Он только плечами пожал и до самого моего дома не сказал ни слова. Когда мы
подъехали, мое сердце чуть не выпрыгнуло из груди от счастья. Борис донес мои вещи до квартиры и на пороге остановился.

- У меня сейчас деловая встреча, а потом нужно ехать к детям, - сказал он. – Их мать вчера положили в больницу. - Только тут я заметила, что его настроение резко отличается от моего.

- А что с ней? – я взяла его за руку и втянула в квартиру. – Что-нибудь серьезное?

- Пока не знаю, должны провести обследование.

Я хотела напоить его чаем, но он быстро распрощался и ушел. Моя радость несколько
померкла, но все равно оказаться в своей квартире, зная, что тебе больше ничто не угрожает, дорогого стоит. До вечера я занималась уборкой и стиркой, потом сбегала в магазин. Трудовой энтузиазм во мне просто кипел.

Потом до меня дошло, что завтра рабочий день и надо выходить на работу. Как объяснить свое столь долгое отсутствие? Больничного  у меня нет, а ведь я сказала, что болею. Не долго думая, я позвонила Борису. Он был в мрачном настроении, похоже, проблем у него выше крыши, а тут еще я лезу со своими.

- Может быть, мне написать заявление на отпуск за свой счет? – спросила я.

Он сказал, что попытается раздобыть мне липовый больничный, но энтузиазма в его
голосе не было, и я решила сделать по-своему. Он не стал сопротивляться. Я уже хотела отключиться, но что-то в его поведении было необычным и тревожным.

- Борис, что с тобой?

- Мне плохо, - лаконично ответил он.

При этих словах и мне стало плохо. Сильный, неутомимый и несгибаемый Борис Петрович признался, что ему плохо.

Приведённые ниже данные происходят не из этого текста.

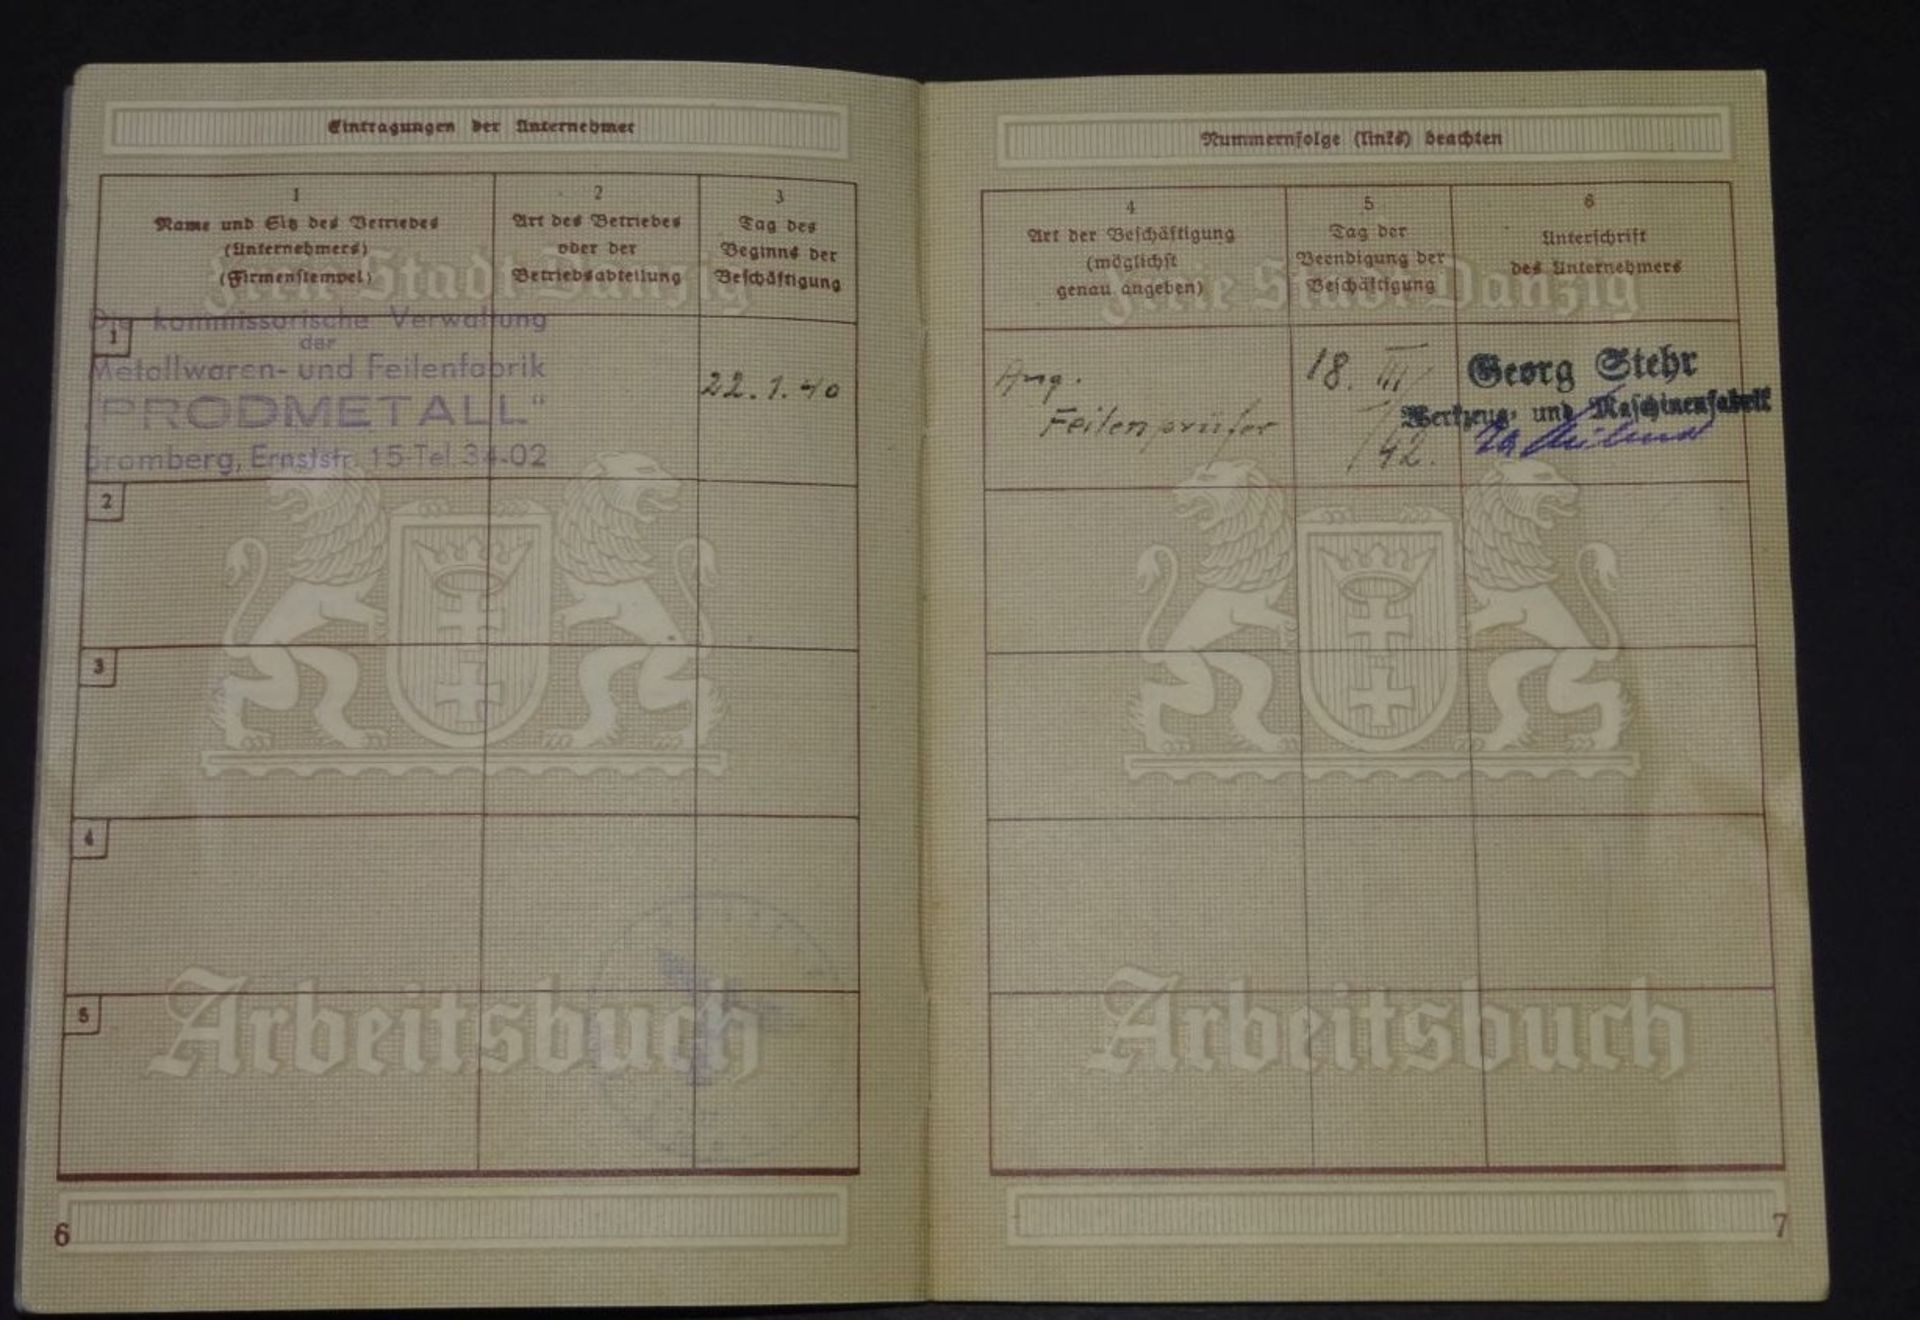 Arbeitsbuch "Freie Stadt Danzig" ab 1934- - -22.61 % buyer's premium on the hammer priceVAT margin - Bild 6 aus 6

- Я могу чем-нибудь помочь? – в этот момент я была готова пойти ради него на
подвиг.

- Нет, то есть да, но вряд ли захочешь.

- Захочу, - ответила я, ни минуты не раздумывая.

- Когда дети уснут, я приеду, - сказал он и отключился.

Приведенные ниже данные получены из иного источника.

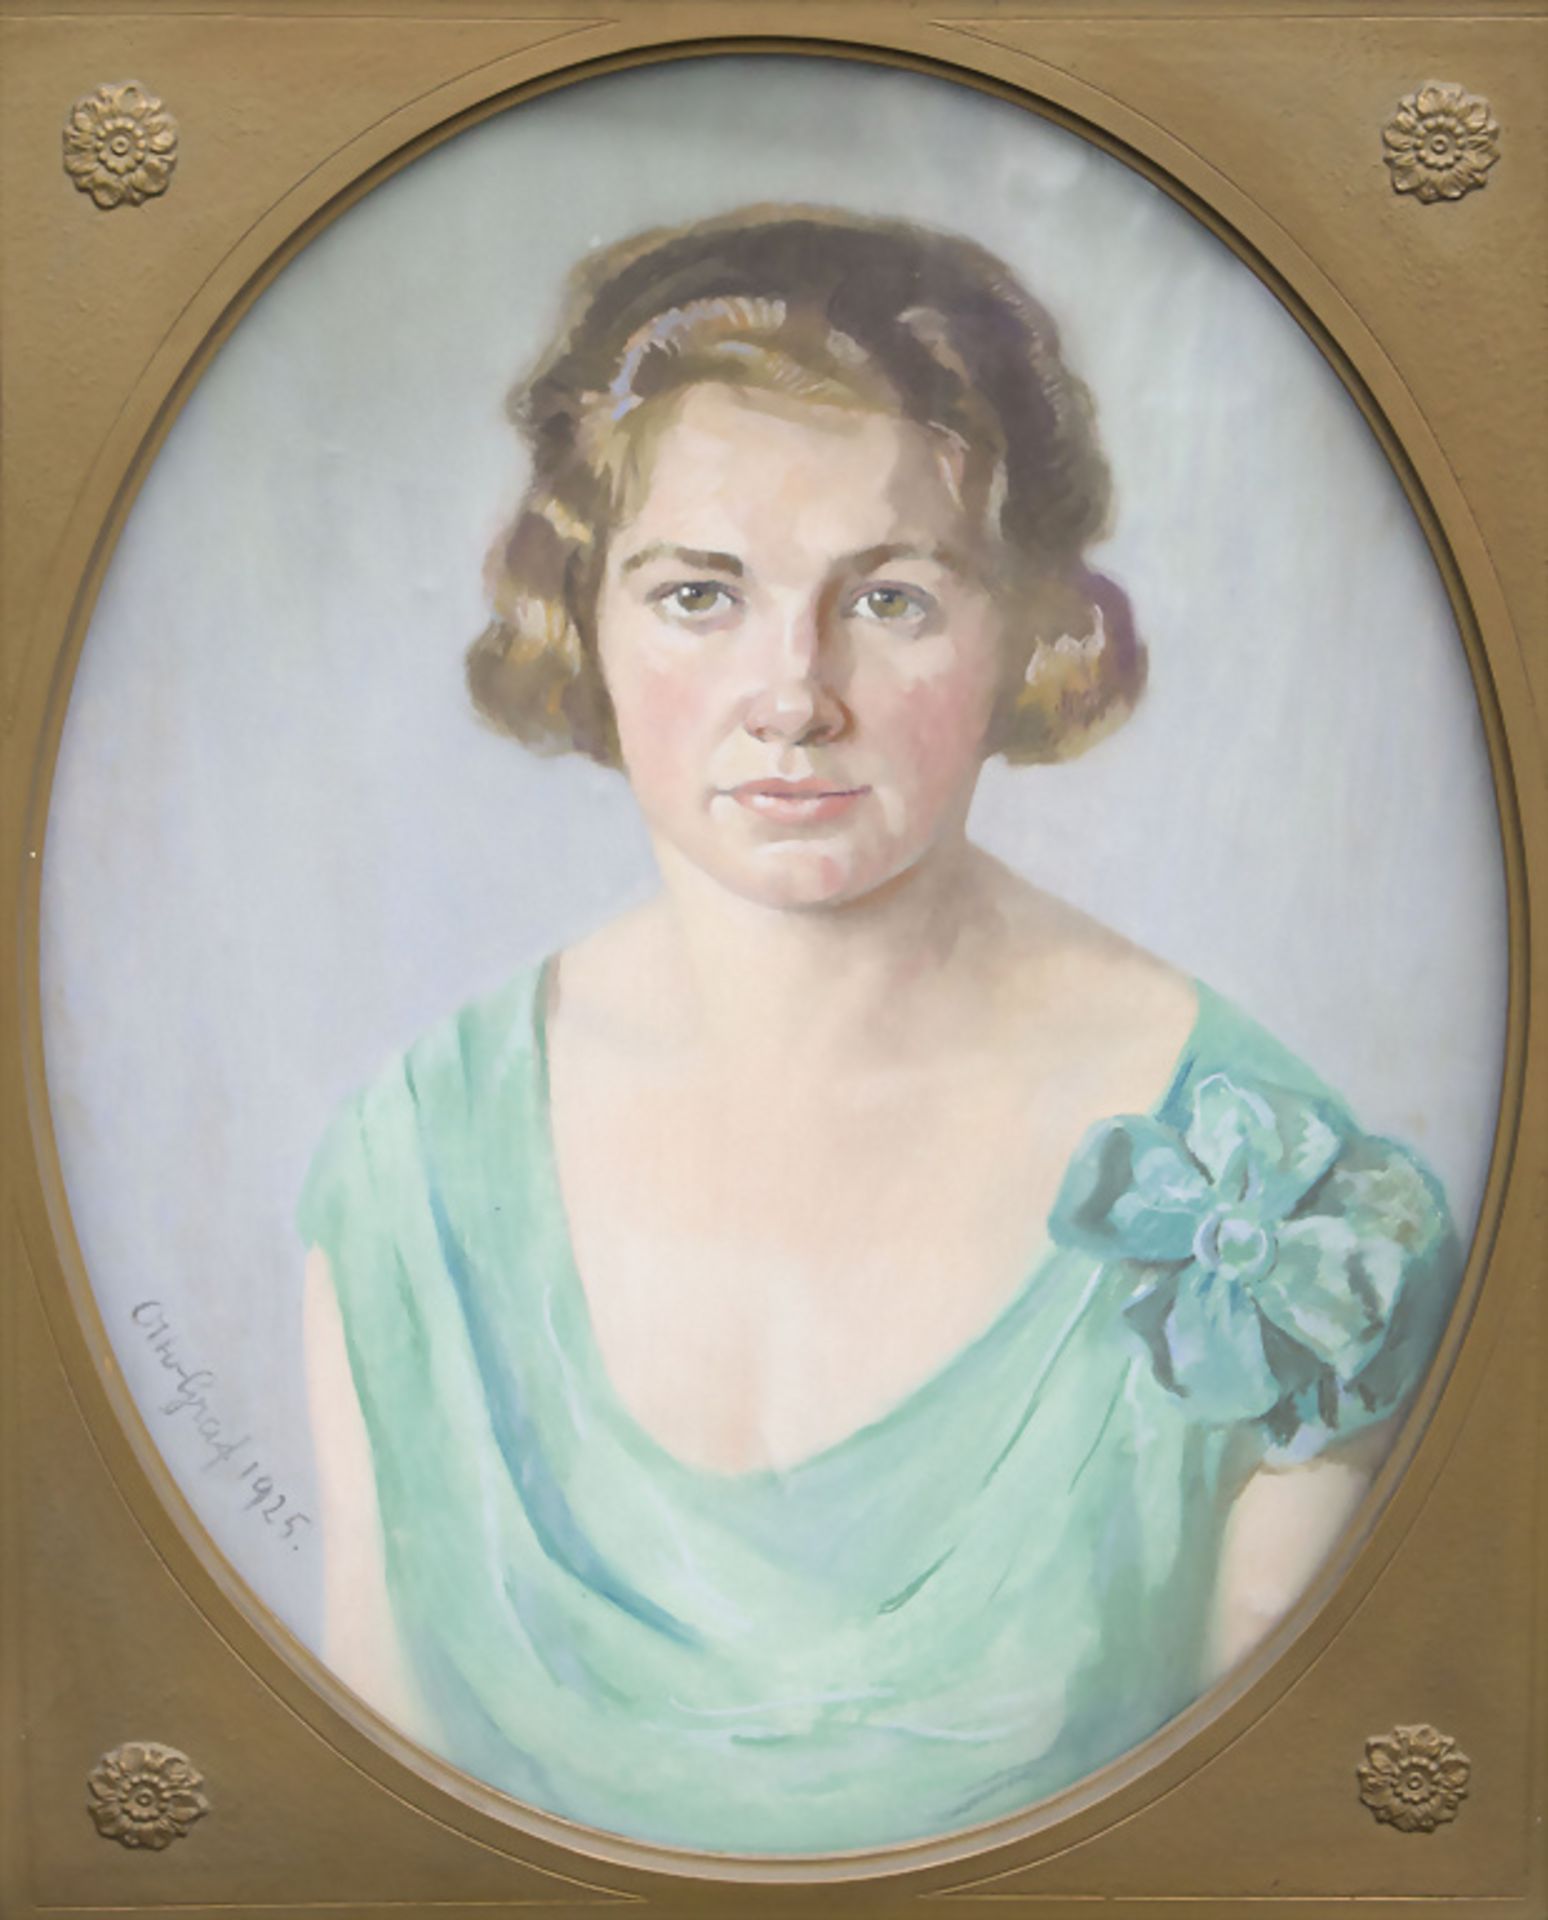 Otto GRAF (1882-1950), Damenporträt / A portrait of a lady, 1925

До меня постепенно стало кое-что доходить. Готова ли я ради на него на ВСЕ? И нужно ли делать ВСЕ ради кого-то? А почему, собственно, ради него, а не ради себя? Я посмотрела на часы: девять часов, пора звонить маме, Сашке позвоню завтра. Мама очень обрадовалась, узнав, что я вернулась, и взяла с меня обещание приехать в ближайшие выходные.

Я опять посмотрела на часы: половина десятого. Еще можно позвонить Борису и отменить встречу. Когда он войдет в квартиру, отступать будет поздно. Я держала телефон в руках, не зная, на что решиться, и вдруг поняла, что хочу, чтобы он пришел. И дело вовсе не в благодарности. Я отложила телефон и пошла прихорашиваться.

До одиннадцати часов я ждала совершенно спокойно, потом стала нервничать. В полдвенадцатого решилась на звонок. Его телефон был выключен. Я повторяла свои попытки до часу ночи.

У меня не осталось ни сил, ни чувств, чтобы переживать случившееся. Если у него что-то произошло или же он передумал, мог бы позвонить. Я не хотела ломать себе голову над тем, почему он этого не сделал. Какая разница? Наверное, у него были причины. Если пожелает объясниться, то сможет это сделать, так как знает мой телефон и адрес. Хватит с меня стрессов и разочарований!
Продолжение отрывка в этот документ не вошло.